After **downloading** the dataset, **extract** the compressed file, and **place the folder inside the cloned repository.**
# Hparams setting:
Before proceeding, you must pick the hyperparameters that suit best your needs. While it is possible to change the hyper parameters from command line during preprocessing/training, I still recommend making the changes once and for all on the **hparams.py** file directly.
To pick optimal fft parameters, I have made a **griffin_lim_synthesis_tool** notebook that you can use to invert real extracted mel/linear spectrograms and choose how good your preprocessing is.
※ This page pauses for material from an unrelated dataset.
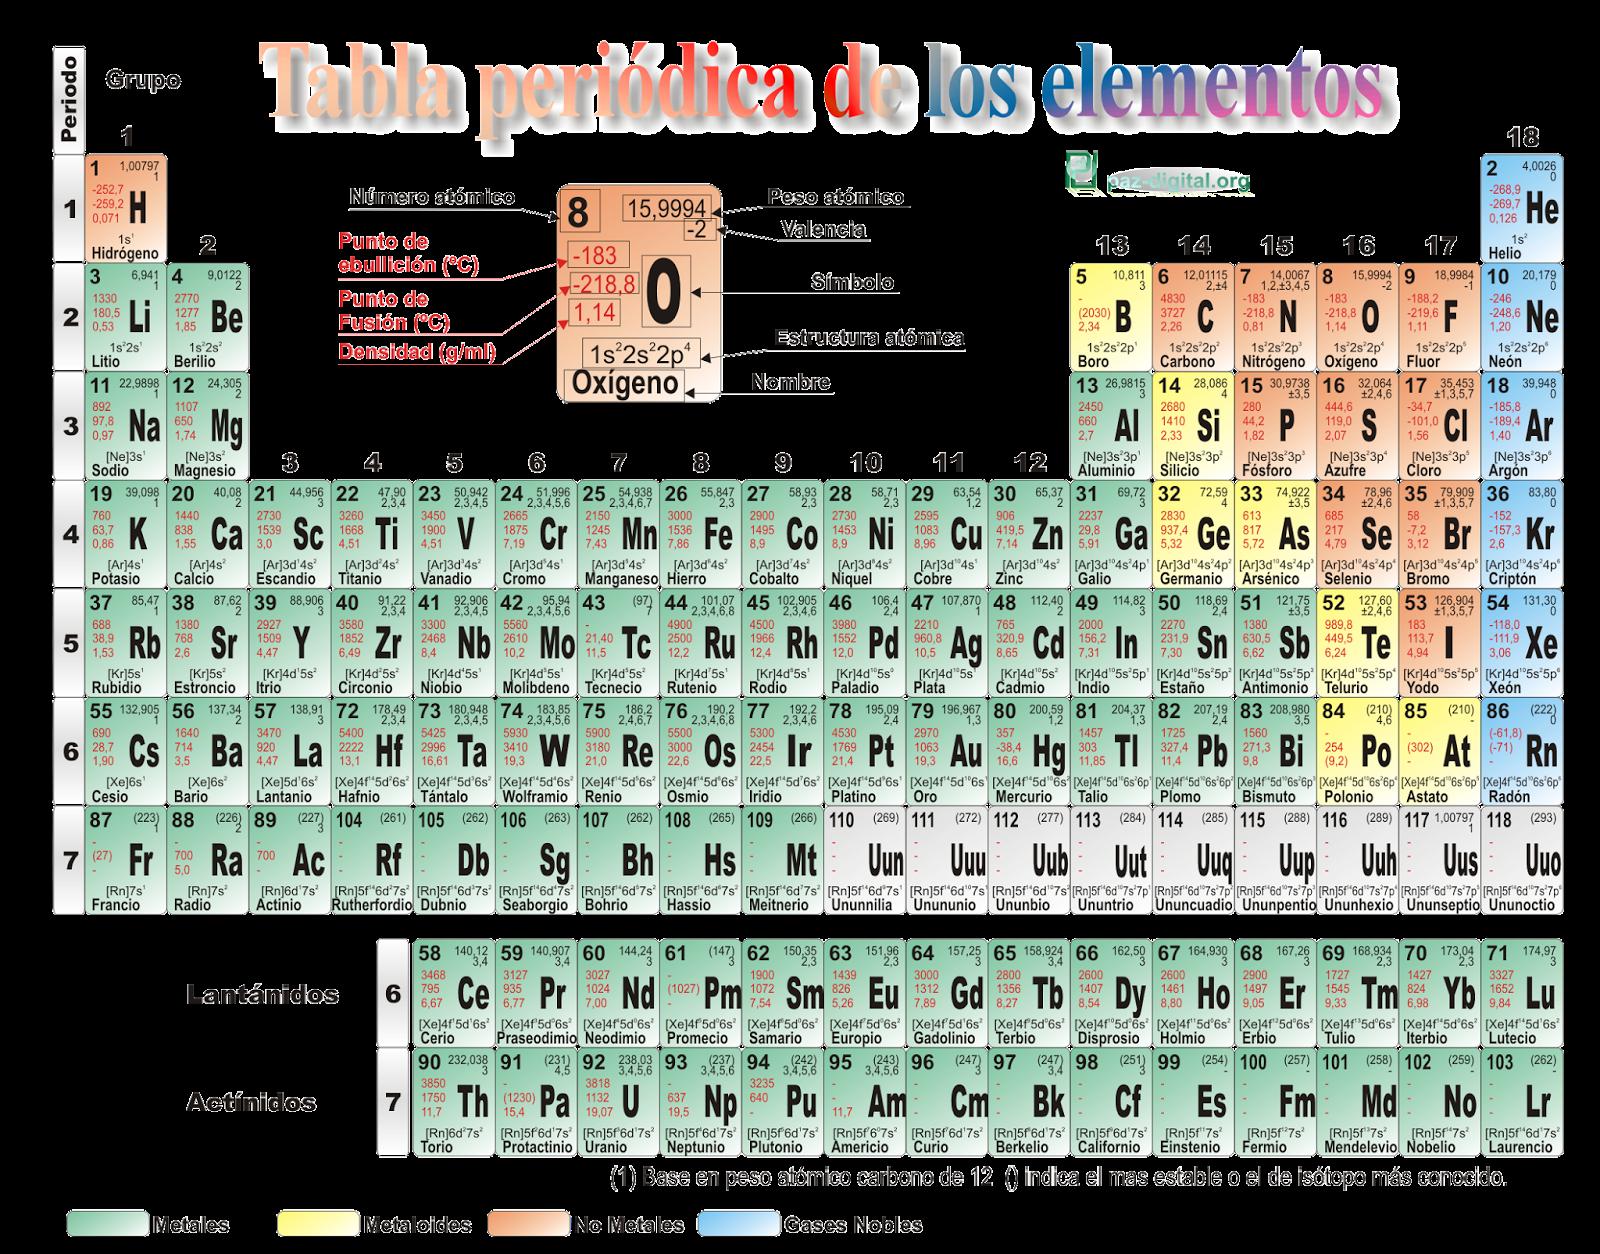 Fisica y quimica en san isidro tabla peridica de los elementos i parte clickea sobre la imagen con el botn derecho y podes guardar la tabla peridica de los elementos para luego imprimirla urtaz Gallery

All other options are well explained in the **hparams.py** and have meaningful names so that you can try multiple things with them.
# Preprocessing
Before running the following steps, please make sure you are inside **Tacotron-2 folder**
> cd Tacotron-2
Preprocessing can then be started using:
> python preprocess.py
dataset can be chosen using the **--dataset** argument. If using M-AILABS dataset, you need to provide the **language, voice, reader, merge_books and book arguments** for your custom need. Default is **Ljspeech**.
Example M-AILABS:
> python preprocess.py --dataset='M-AILABS' --language='en_US' --voice='female' --reader='mary_ann' --merge_books=False --book='northandsouth'
or if you want to use all books for a single speaker:
> python preprocess.py --dataset='M-AILABS' --language='en_US' --voice='female' --reader='mary_ann' --merge_books=True
This should take no longer than a **few minutes.**
# Training:
To **train both models** sequentially (one after the other):
> python train.py --model='Tacotron-2'
Feature prediction model can **separately** be **trained** using:
> python train.py --model='Tacotron'
checkpoints will be made each **5000 steps** and stored under **logs-Tacotron folder.**
Naturally, **training the wavenet separately** is done by:
> python train.py --model='WaveNet'
logs will be stored inside **logs-Wavenet**.
**Note:**
- If model argument is not provided, training will default to Tacotron-2 model training. (both models)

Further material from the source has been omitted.